Moderator J&H Licht en Geluid Forums

----------


## -Aart-

Ik heb ook wel eens op het punt gestaan om er mee te "stoppen", en heb dat toen soms ook lekker een weekje gedaan.  :Smile:  daar is niets mis mee, en de topic's waar ik mij aan ergerde zijn dan gewoon "weggezakt" meestal... Probleem opgelost, er zijn dan altijd toch wel weer een paar leuke dingen om aan bij te dragen.

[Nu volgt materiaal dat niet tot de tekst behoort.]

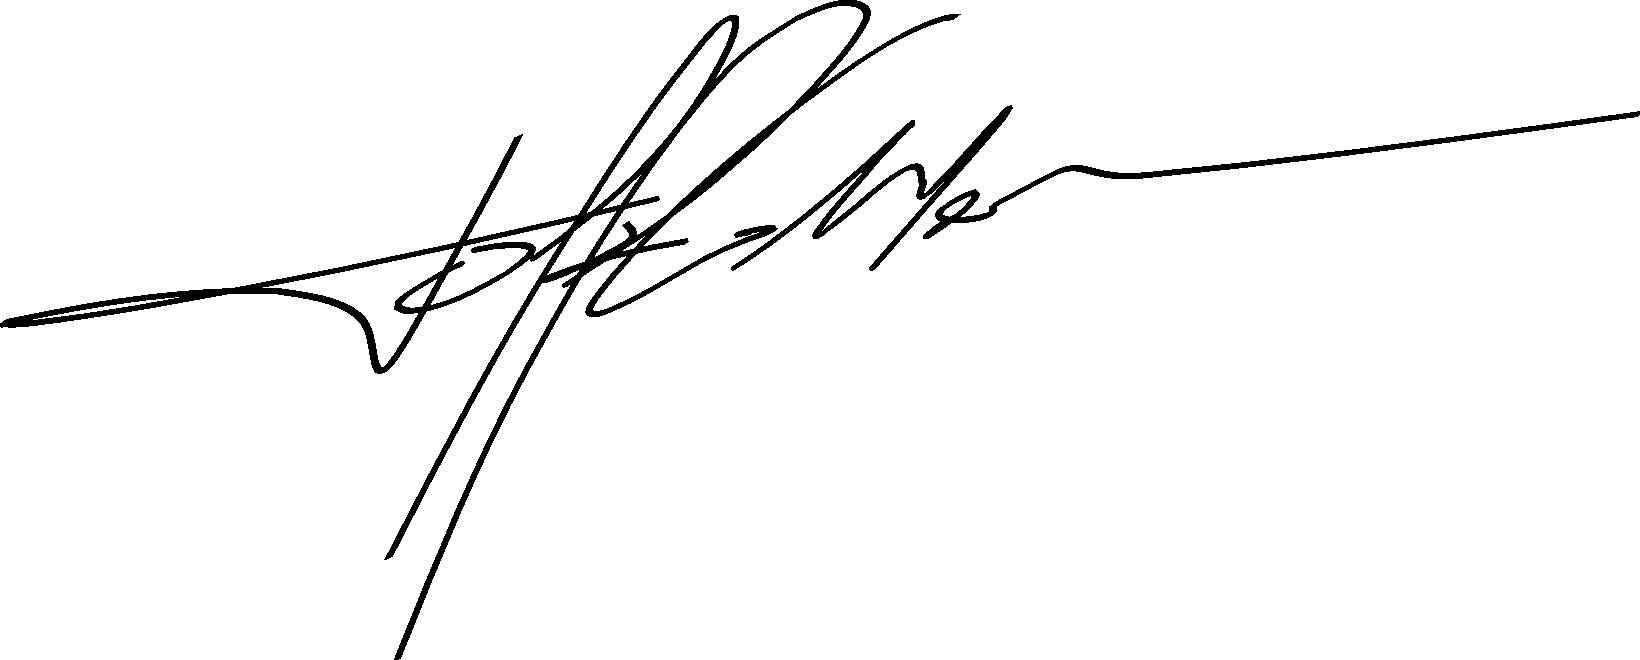 MaSSIMO Toffolo's Signature

Ik ben het niet altijd eens met hoe er gemodereerd wordt op het forum, als iemand overduidelijk een kapotte eindtrap heeft maar hij denkt zelf dat hetz'n trafo is en we vertellen hem dat netjes en duidelijk vind ik dat geen onzin. Te meer daar het erg gemakkelijk even te testen is, als iemand het niet wil geloven en dus niet wil testen ... tsja, jammer dan, maar geen reden om die reacties weg te halen wmbt.

----------


## DeMennooos

Heb regelmatig wel eens een "Het wordt weer een kinderklas dipje"
maar altijd is er een moment dat er wel mensen serieus op een post reageren, de kleuters weer hard aan het werk moeten en af taaien.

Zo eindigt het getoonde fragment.